All this means that as suspected the winter turned out to be slightly above average temperature wise across most of the U.S. If you live anywhere across the northern tier of states and in particular the Midwest you may be asking where is global warming? Brrr. We need it! Well, be careful what you are asking for. 😉
O.k. Now that we have established that our forecast was half decent for the last season let’s use the same techniques to forecast temperature rankings for this spring.
First, let’s look at current water temperatures anomalies surrounding North America:
These have cooled off considerably off the West Coast since December 1st due to strong cold systems moving into that area over the winter. Temperatures remain above average from the Gulf Coast into much of the Northeast coast. Off hand I’d say that sea surface temperatures look to be a wash affecting air temperatures across the United States except that we see the presence of a weak but developing El Nino. If the El Nino gets up to moderately strong levels during spring expect this feature to tip the balance towards warmth.
Second, I like to look at the strength of the Hudson Bay low or polar vortex at the start of any season:
There is no Hudson Bay low per se, but there is a vortex in southern Canada that is poised to unleash some very cold air into the lower 48 states the first week of March. More record ETs should get reported across the Midwest from this. Early spring posies may get nipped in my neck of the woods, Atlanta, from a below freezing airmass, which should urge southward to the Gulf Coast.

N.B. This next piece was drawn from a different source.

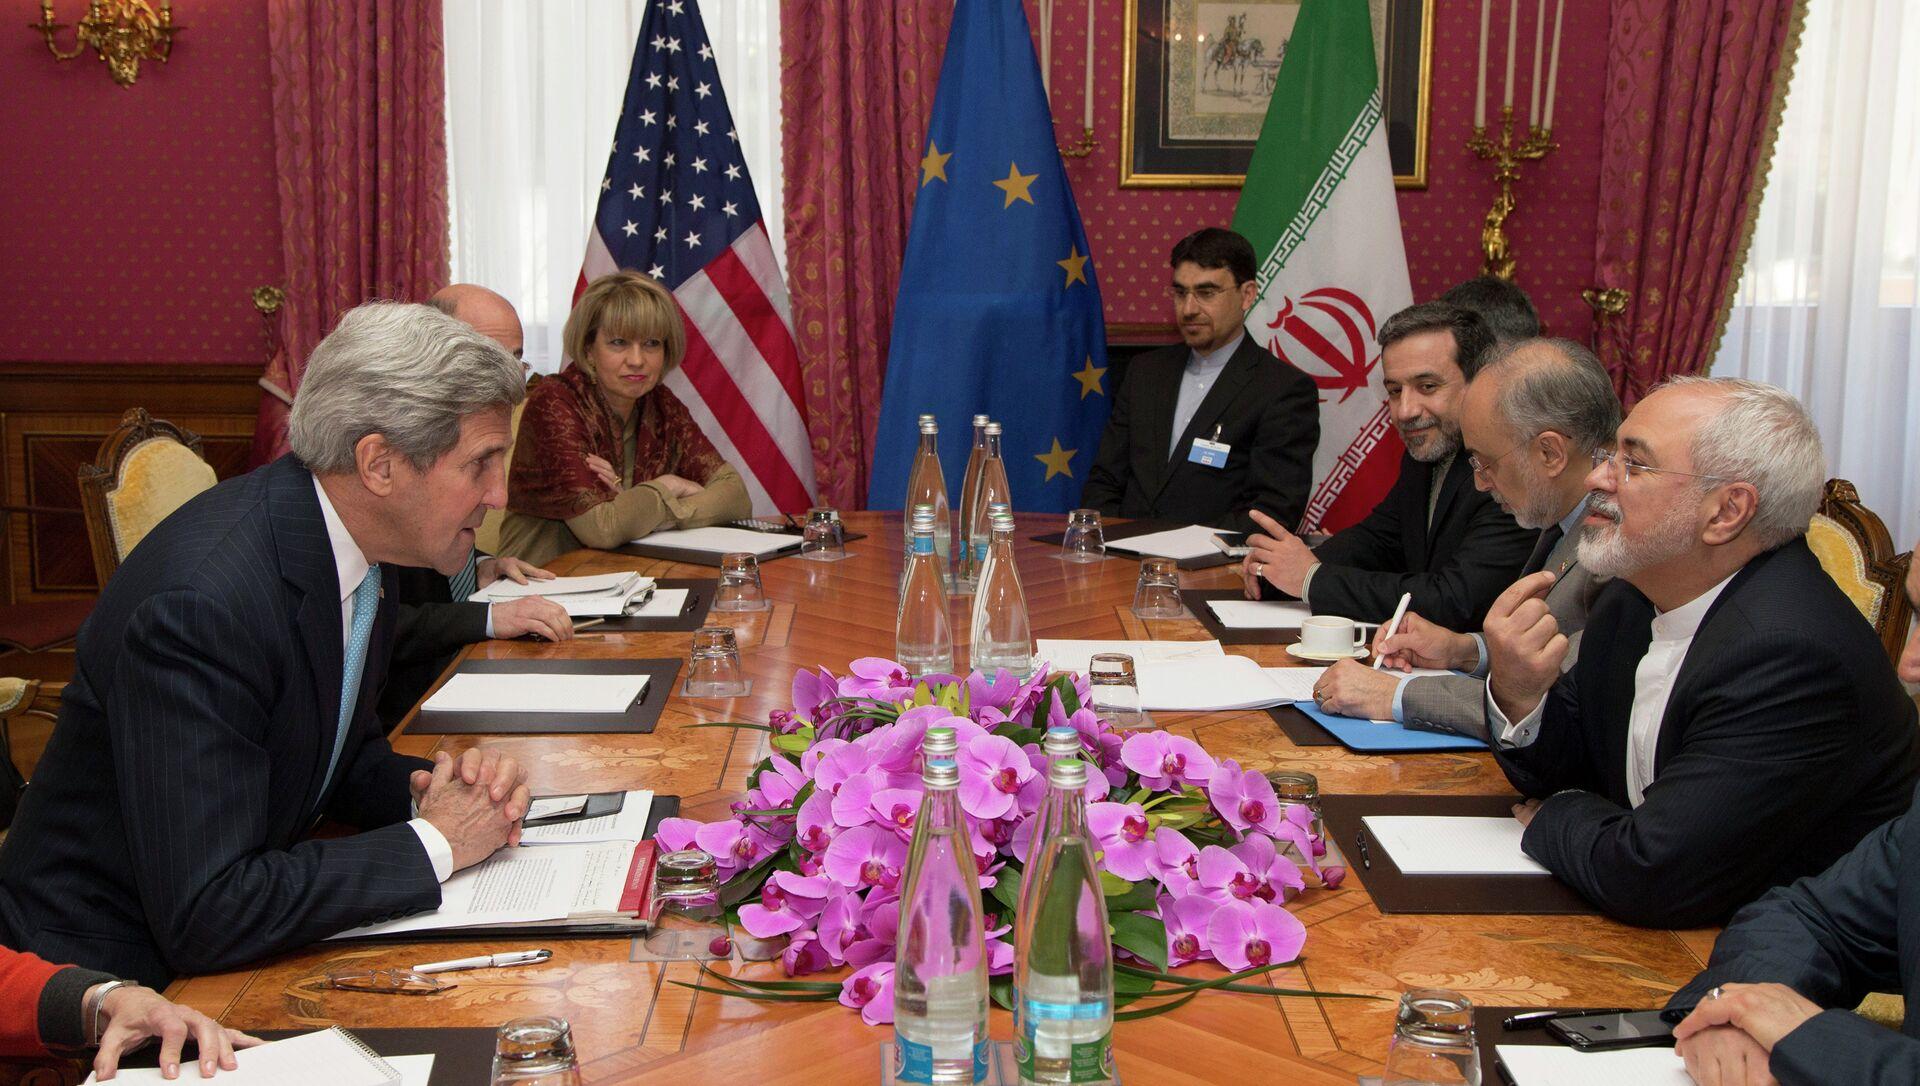 Negoziati su nucleare iraniano - Sputnik Italia, 1920, 05.04.2021
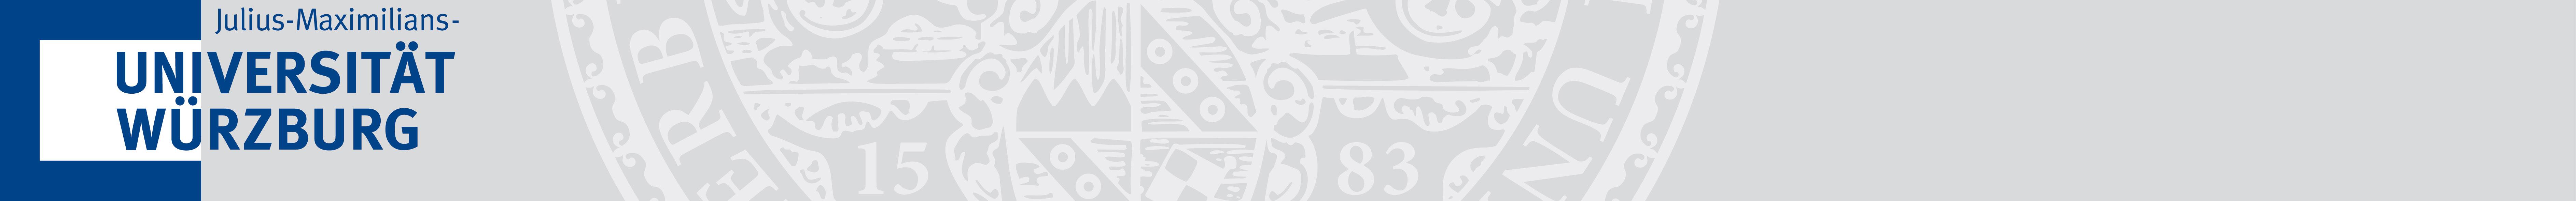 test/decks/title-banner-jmu.jpg

Looking at the weather pattern, though, this might be the last strong, widespread arctic surge of the winter. I suspect that March will be a slightly below average month considering any lack of substantial future polar surges after its first week. Here is the NWS forecast for March, which I agree with:
Last, we can get another clue looking at prior ranking and temperature record count data. For this I like to drag out that “Record Scoreboard” (updated through 2/26/19):
Again here we see clues that winter started out mild but got progressively colder. January and February are colored “black” because ratios of daily high max to low min records are near one to one, although tallies slightly favor more warm records than cold. I expect that this trend will continue in March and would not be surprised to see a “blue” month of more daily record min records reported than maxes.
After March I expect a warming trend for April and May, but am very uncertain how anomalous these months will be. Last year we saw a cold April transitioning quickly to a very hot May as surrounding warm global anomalies snuffed out a remaining cold pocket across North America. In 2019 expect more surprises.
Here is the NWS official forecast for spring:
I can’t argue much with the National Weather Service forecast except to suggest that there may be a small below average area in the northern Plains due to very deep snow cover.
Not all seasons in the near future will see above average temperatures, but seasonal forecasters are beginning to”chuck it,” discounting colder than average scenarios due to carbon pollution.
So here are my forecast ranking numbers:
Notice that the past four springs had a ranking at or above 103, but that of 2013 had a cold ranking of 40. As of 2019 the top ranking for any month or season would be 125 since climatological rankings for the United States started in the year 1895. I think that this spring will be ranked below that of the last four. Carbon pollution is definitely making below average seasons more rare. I’m going to guess that the spring of 2019 ranking will be around 80 + or – 10, with average confidence given all of the factors in this post. My forecast is that March will see the lowest monthly average ranking with May having the warmest relative averages, which is going out on a limb a little more. BTW the winter did cool off instead of get milder as originally forecast last time around. Let’s see if this forecast will be a bust or like the last few fairly decent.😎
Here is some more weather and climate news from Saturday:
(As usual, this will be a fluid post in which more information gets added during the day as it crosses my radar, crediting all who have put it on-line. Items will be archived on this site for posterity. In most instances click on the pictures of each tweet to see each article.)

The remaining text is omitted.